§ **Your instructions**
Pictures aside, quote the whole listing exactly.

§ **Dataset excerpt**
BEGIN
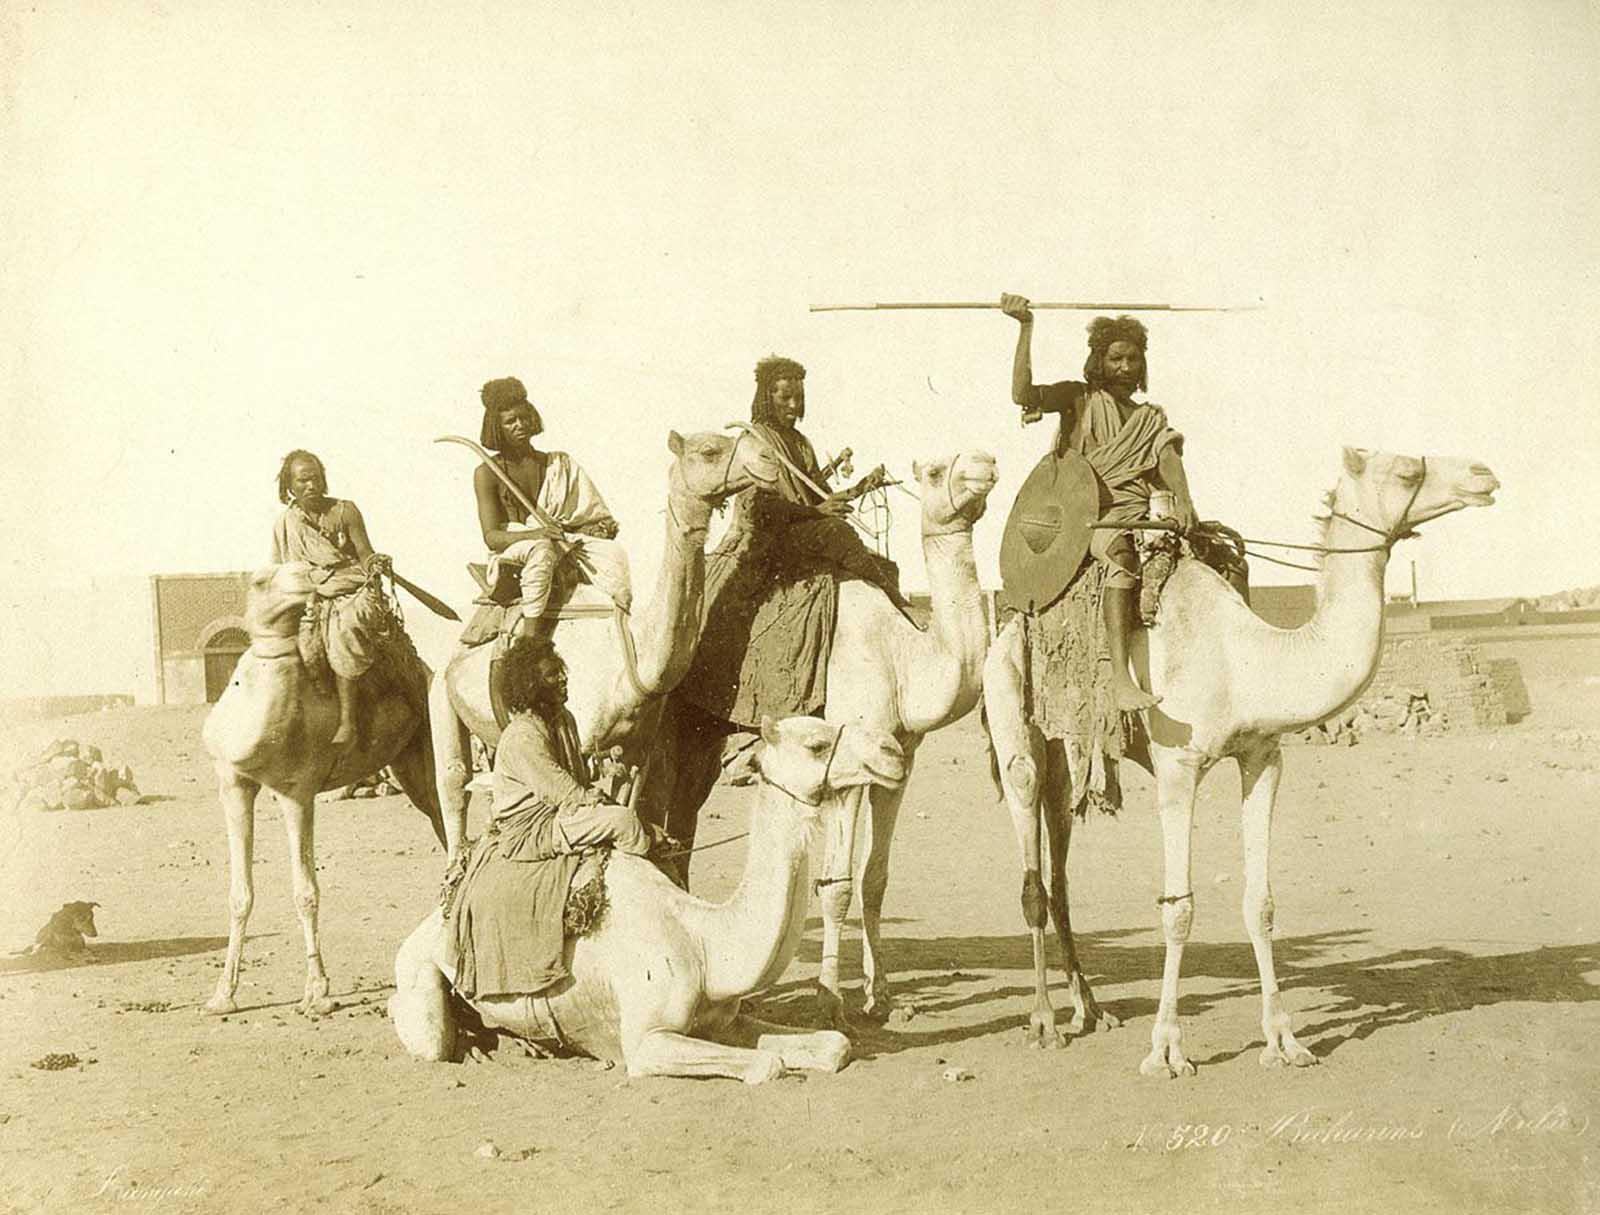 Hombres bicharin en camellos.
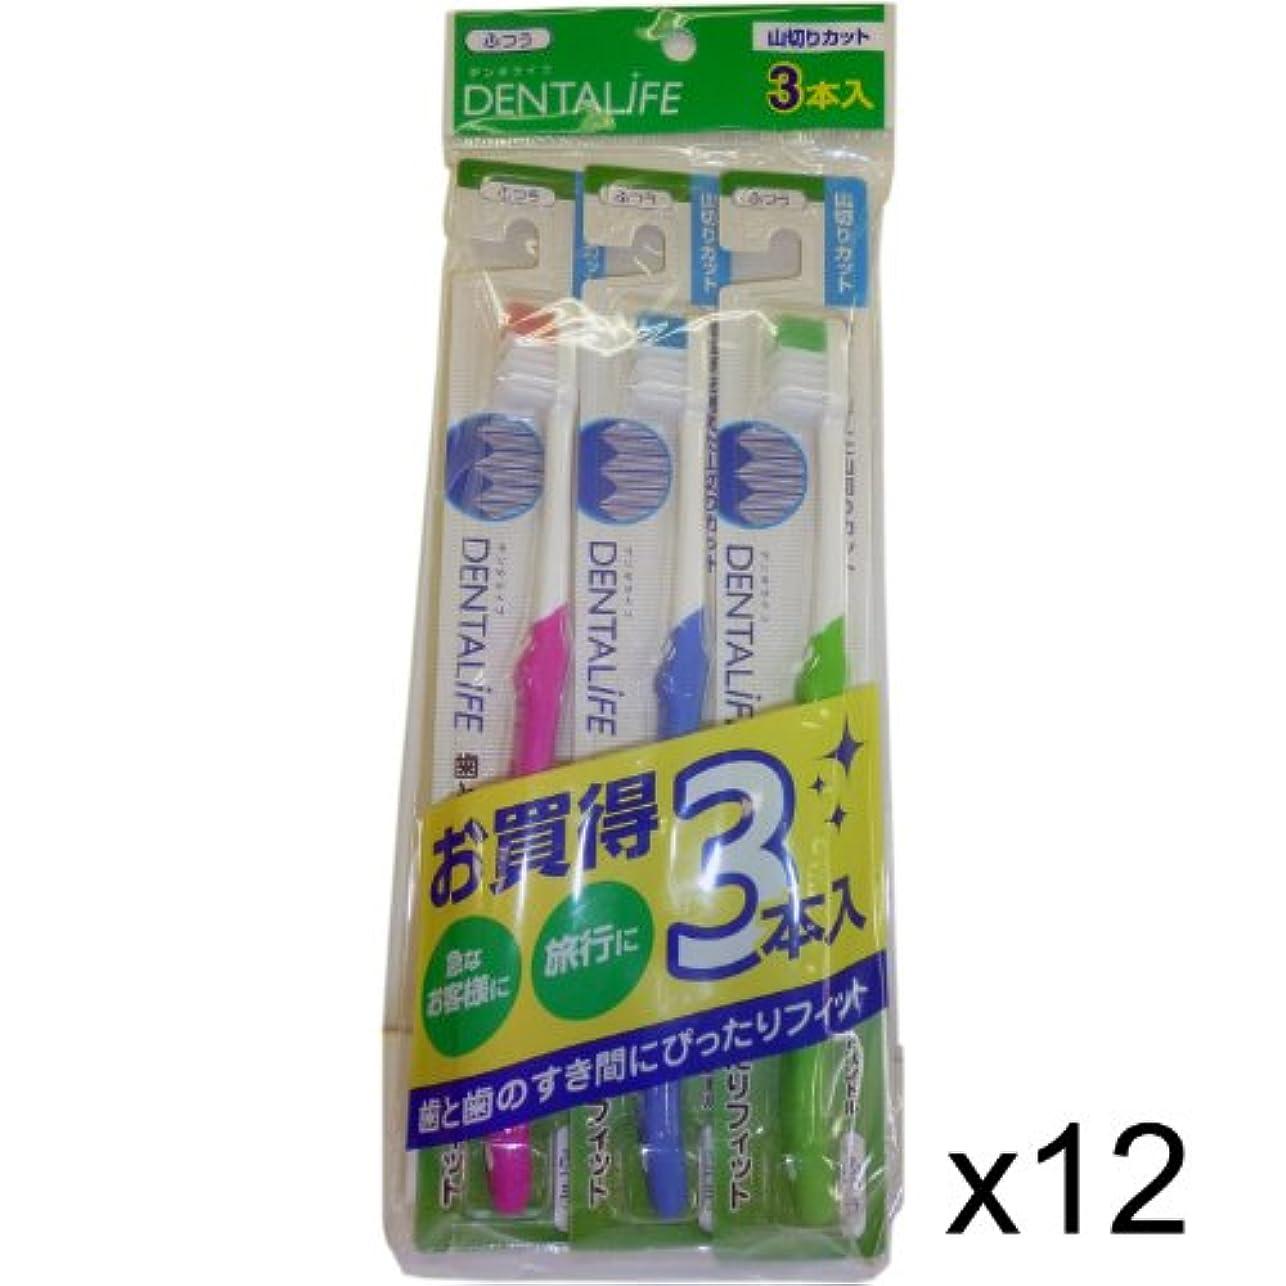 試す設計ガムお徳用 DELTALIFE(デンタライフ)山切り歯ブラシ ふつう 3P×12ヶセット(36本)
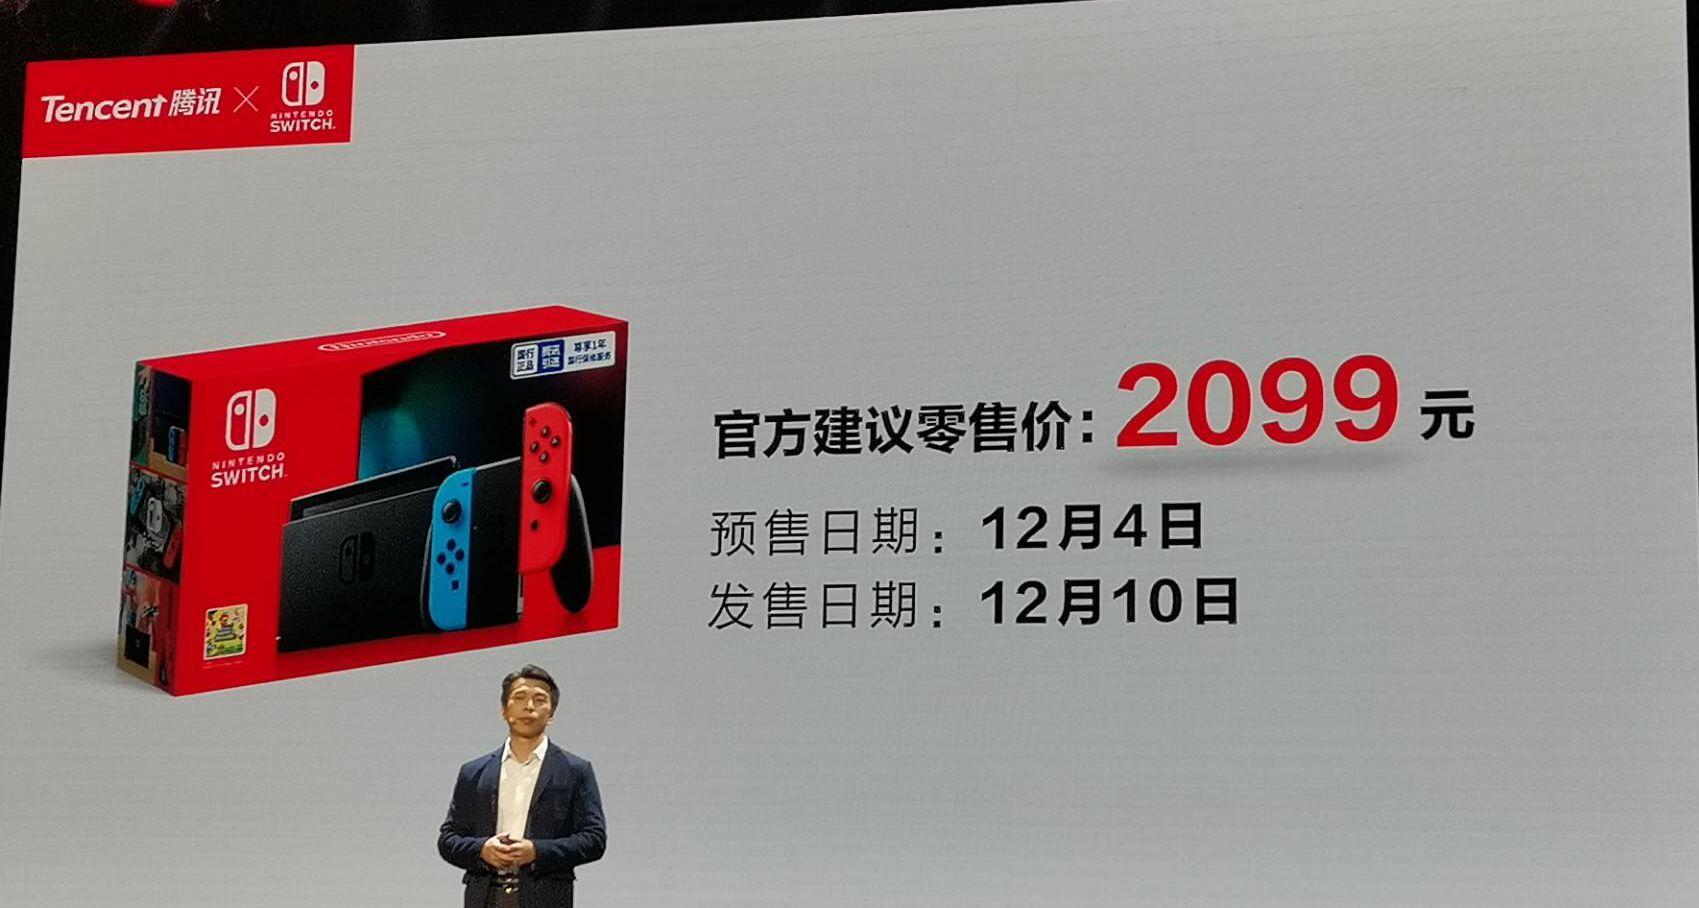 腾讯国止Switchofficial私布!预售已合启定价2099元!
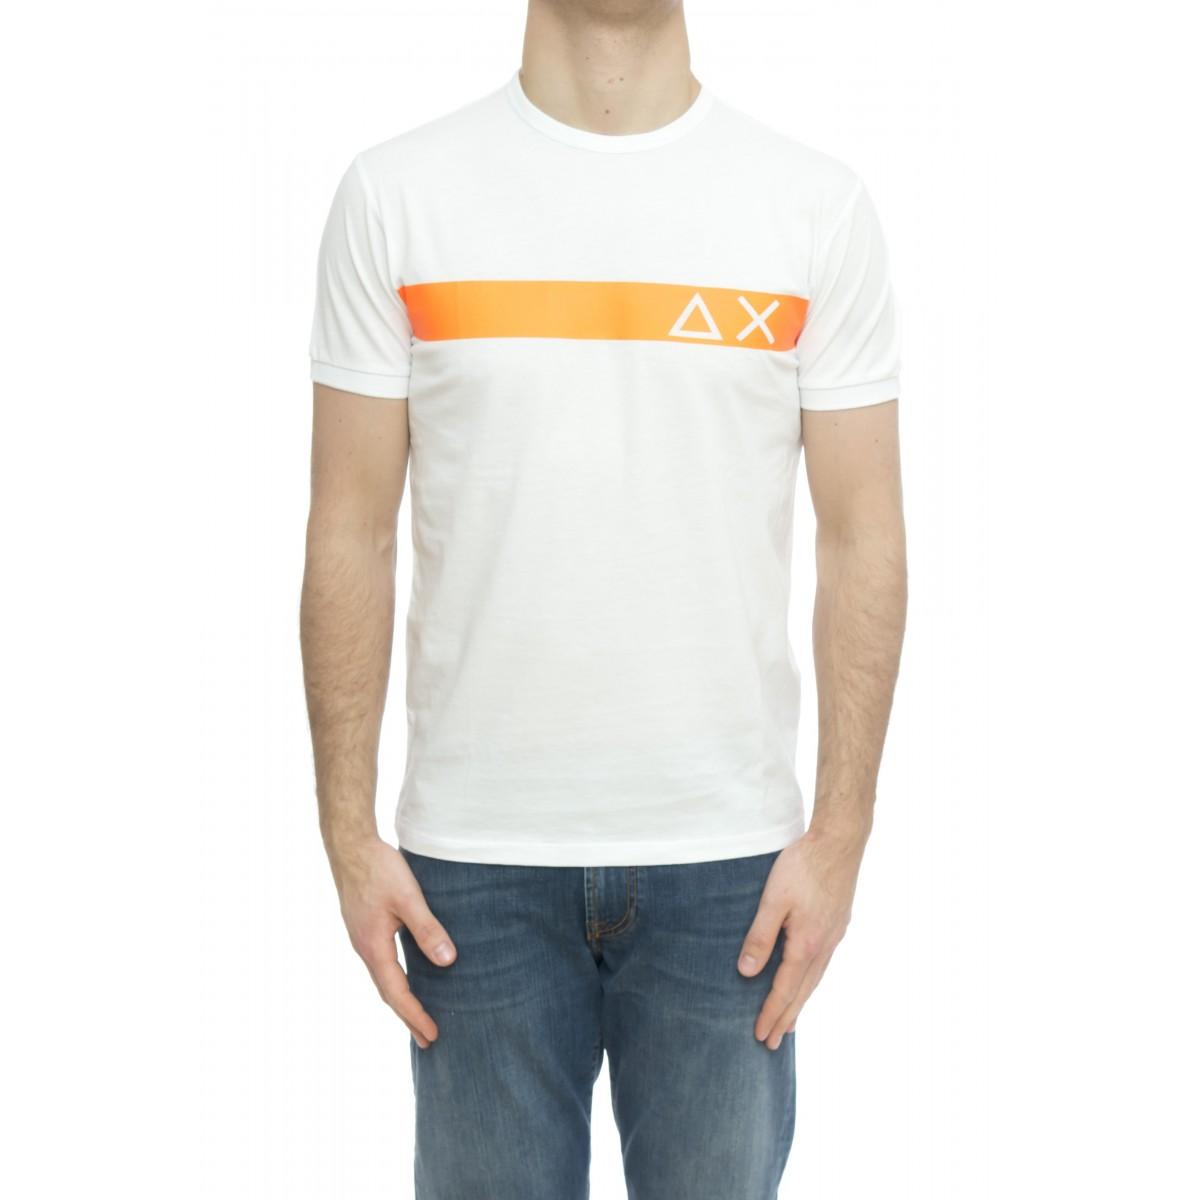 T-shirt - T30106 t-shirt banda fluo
END
§ **Exercise output**
 Hombres bicharin en camellos.
 試す設計ガムお徳用 DELTALIFE(デンタライフ)山切り歯ブラシ ふつう 3P×12ヶセット(36本)
 腾讯国止Switchofficial私布!预售已合启定价2099元!
 T-shirt - T30106 t-shirt banda fluo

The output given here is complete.